» Data for processing:
=-=-=
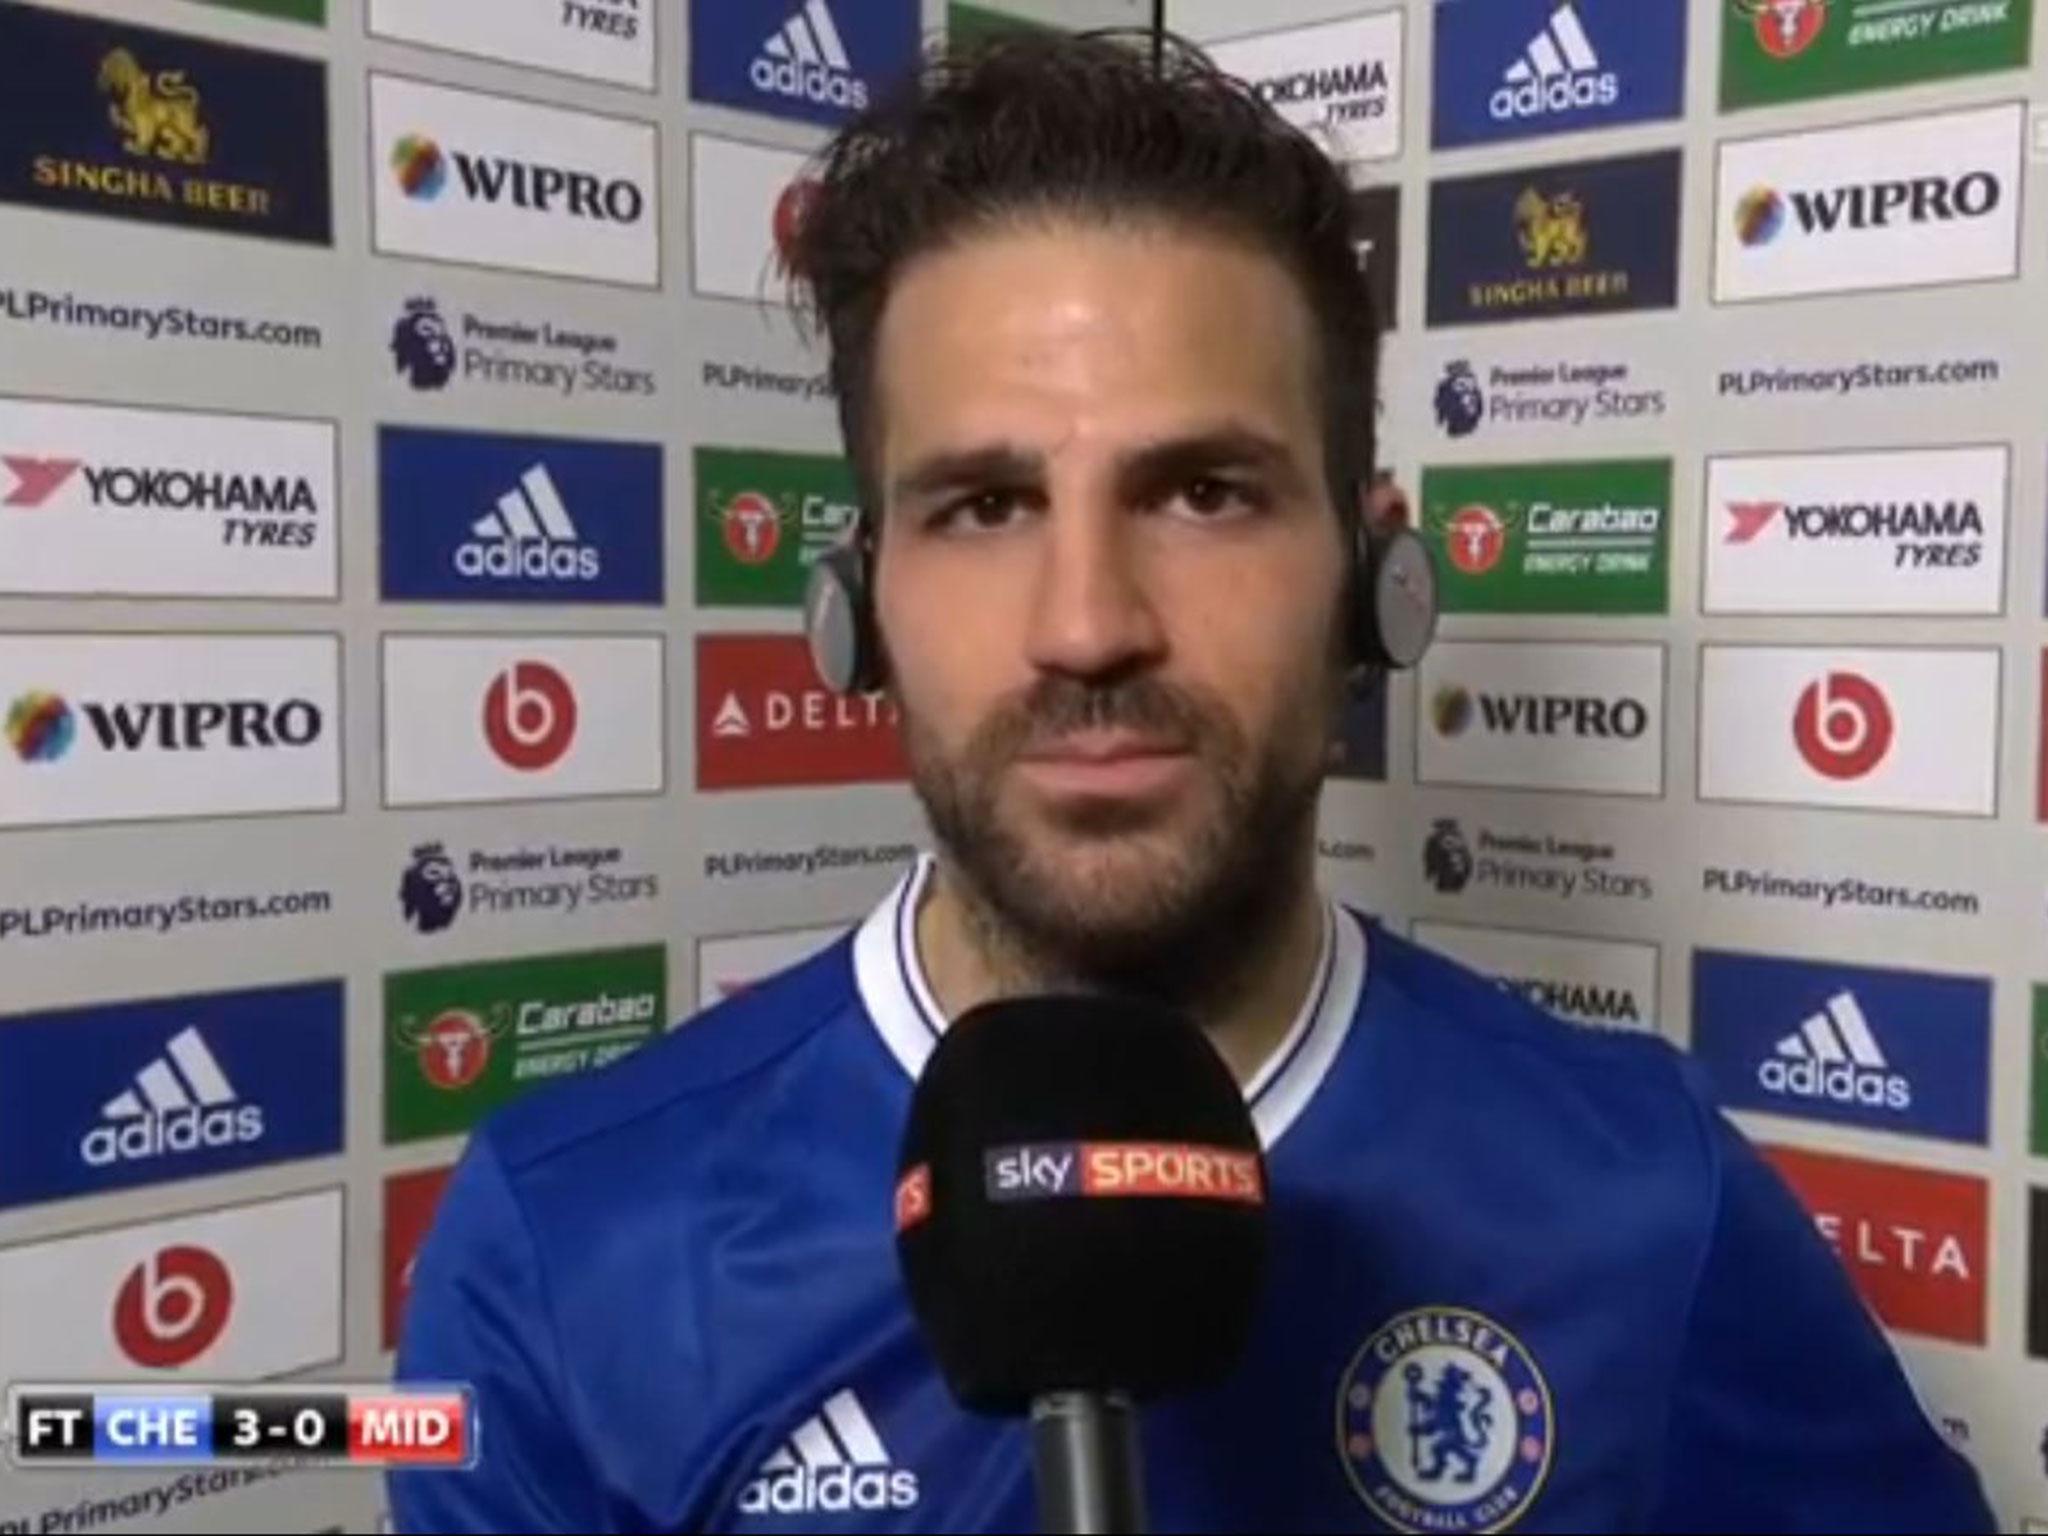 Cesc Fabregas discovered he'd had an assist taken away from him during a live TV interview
=-=-=
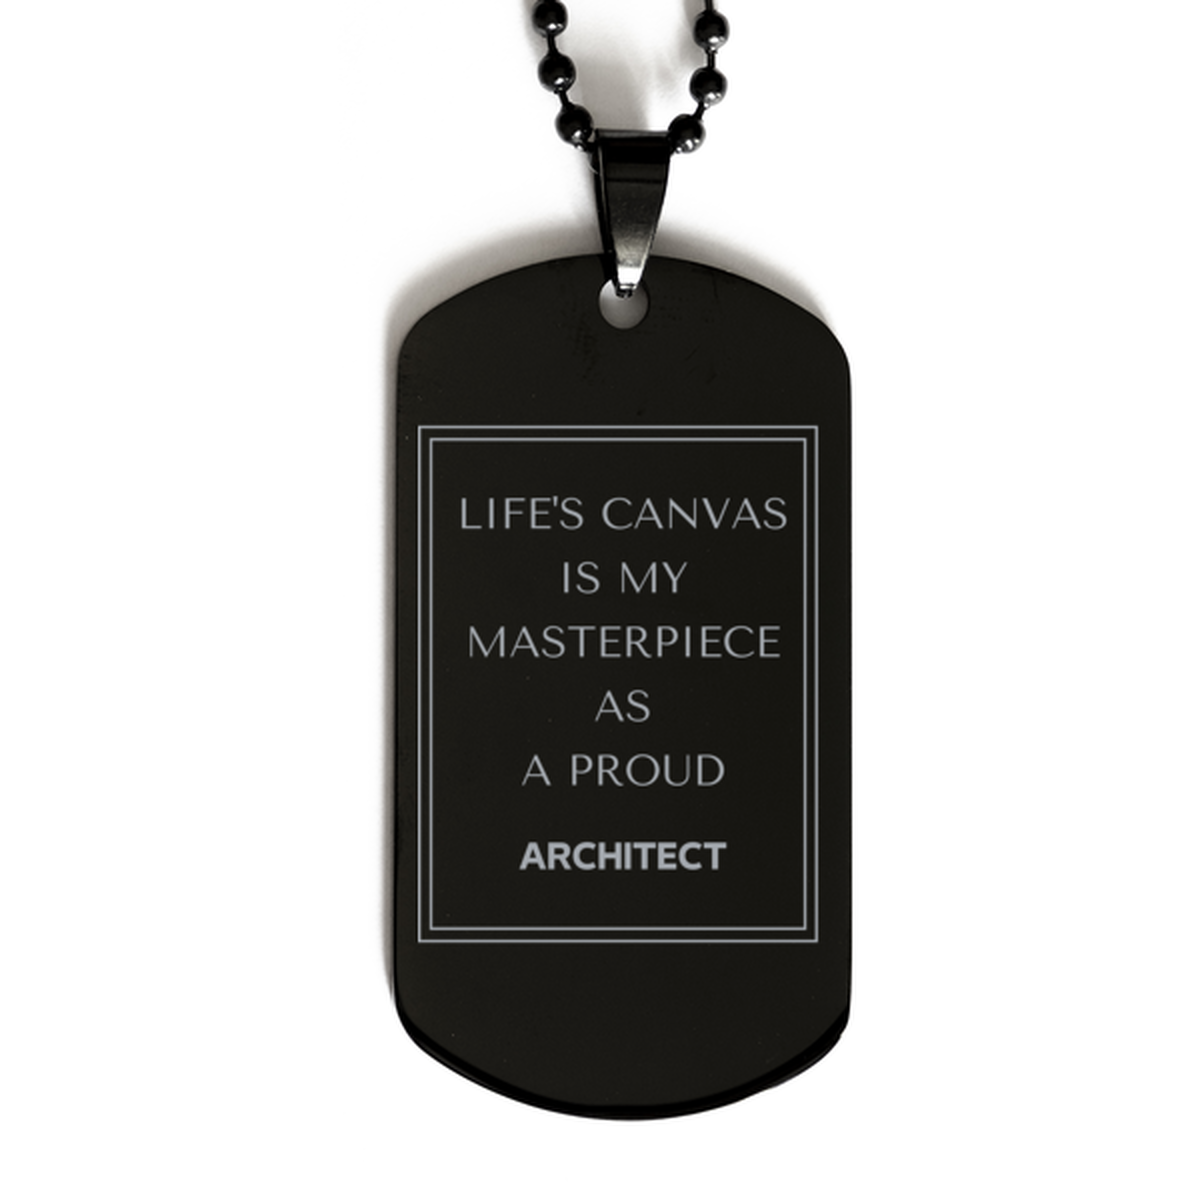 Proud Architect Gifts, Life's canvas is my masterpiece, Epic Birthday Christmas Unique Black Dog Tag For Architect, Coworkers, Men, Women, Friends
=-=-=
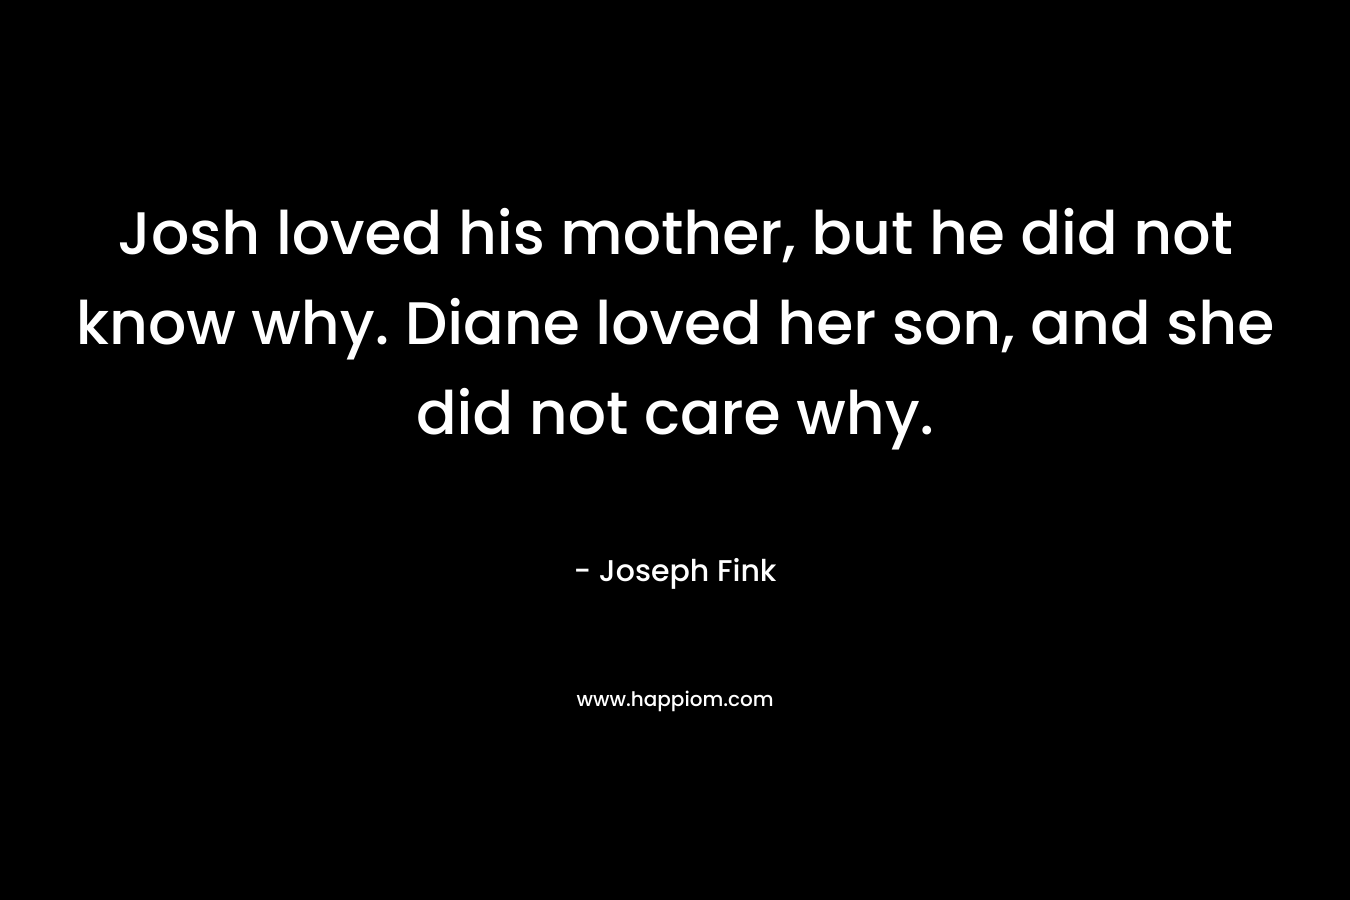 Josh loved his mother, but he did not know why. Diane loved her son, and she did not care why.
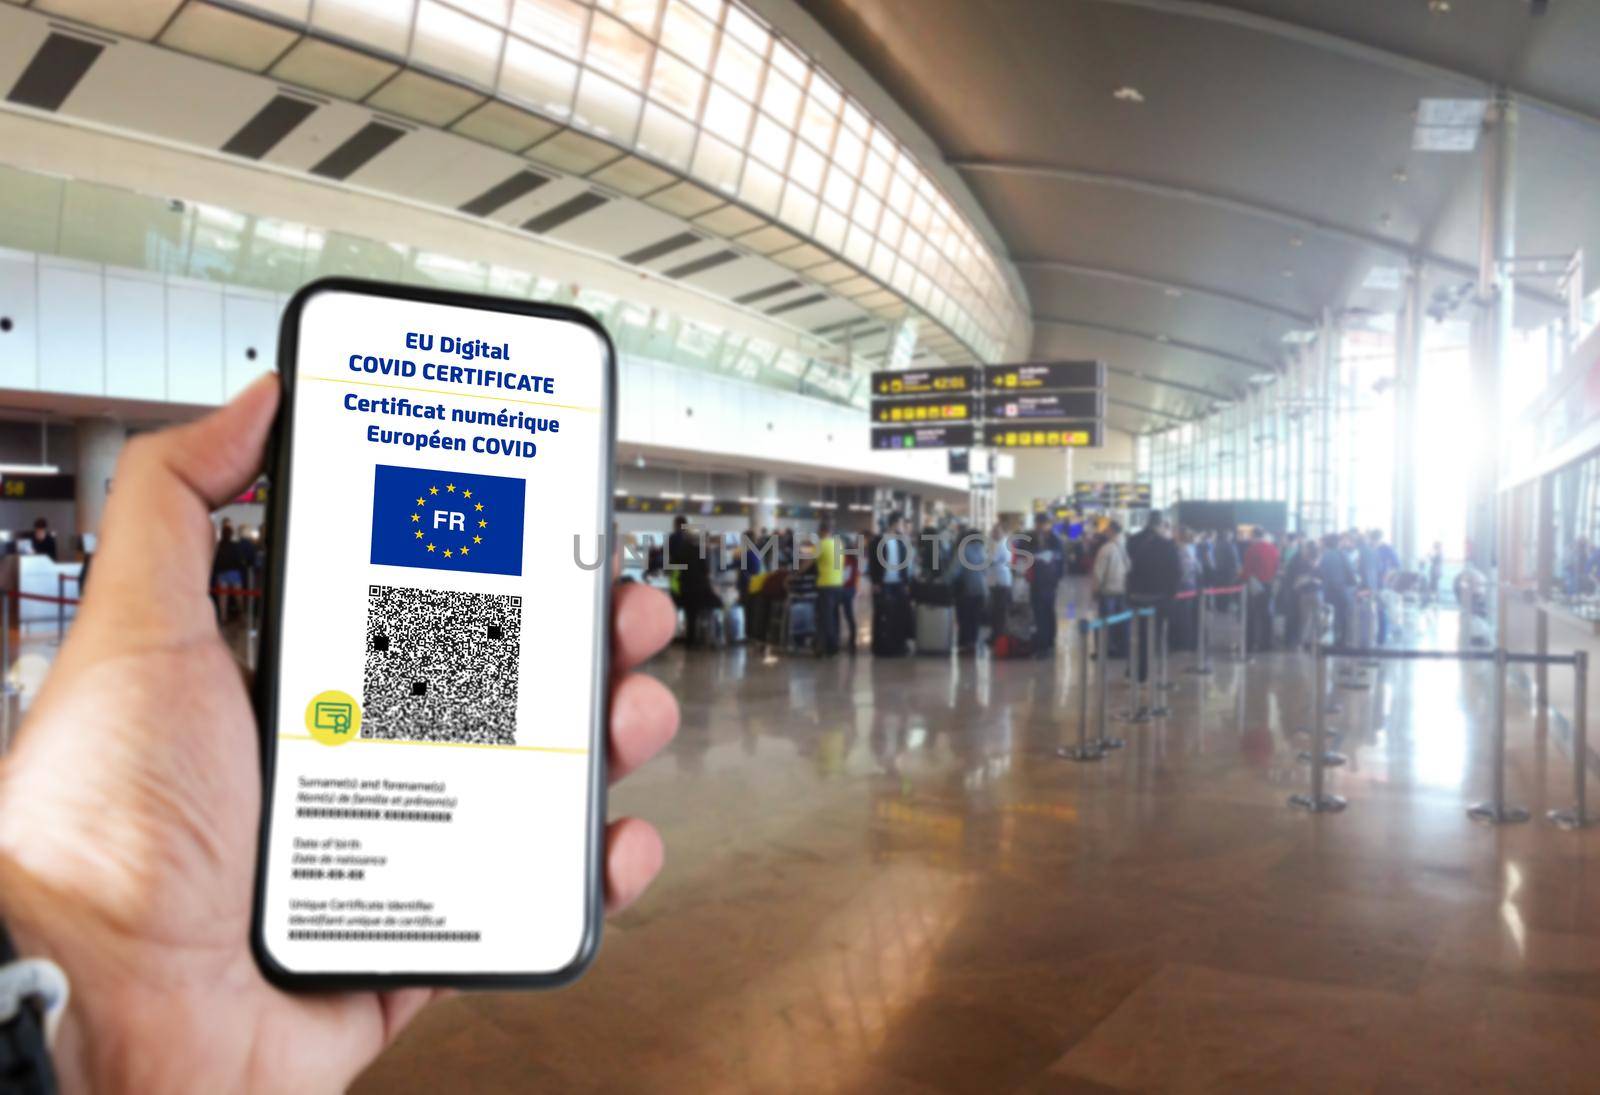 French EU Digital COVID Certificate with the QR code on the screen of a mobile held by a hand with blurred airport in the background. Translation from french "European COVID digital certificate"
=-=-=
» Exercise brief: If a picture sits between the line containing "Josh loved his" and the line containing "French EU Digital", leave it out, and return the lines of that range above exactly, both ends included.

» Result below:
 Josh loved his mother, but he did not know why. Diane loved her son, and she did not care why.
 French EU Digital COVID Certificate with the QR code on the screen of a mobile held by a hand with blurred airport in the background. Translation from french "European COVID digital certificate"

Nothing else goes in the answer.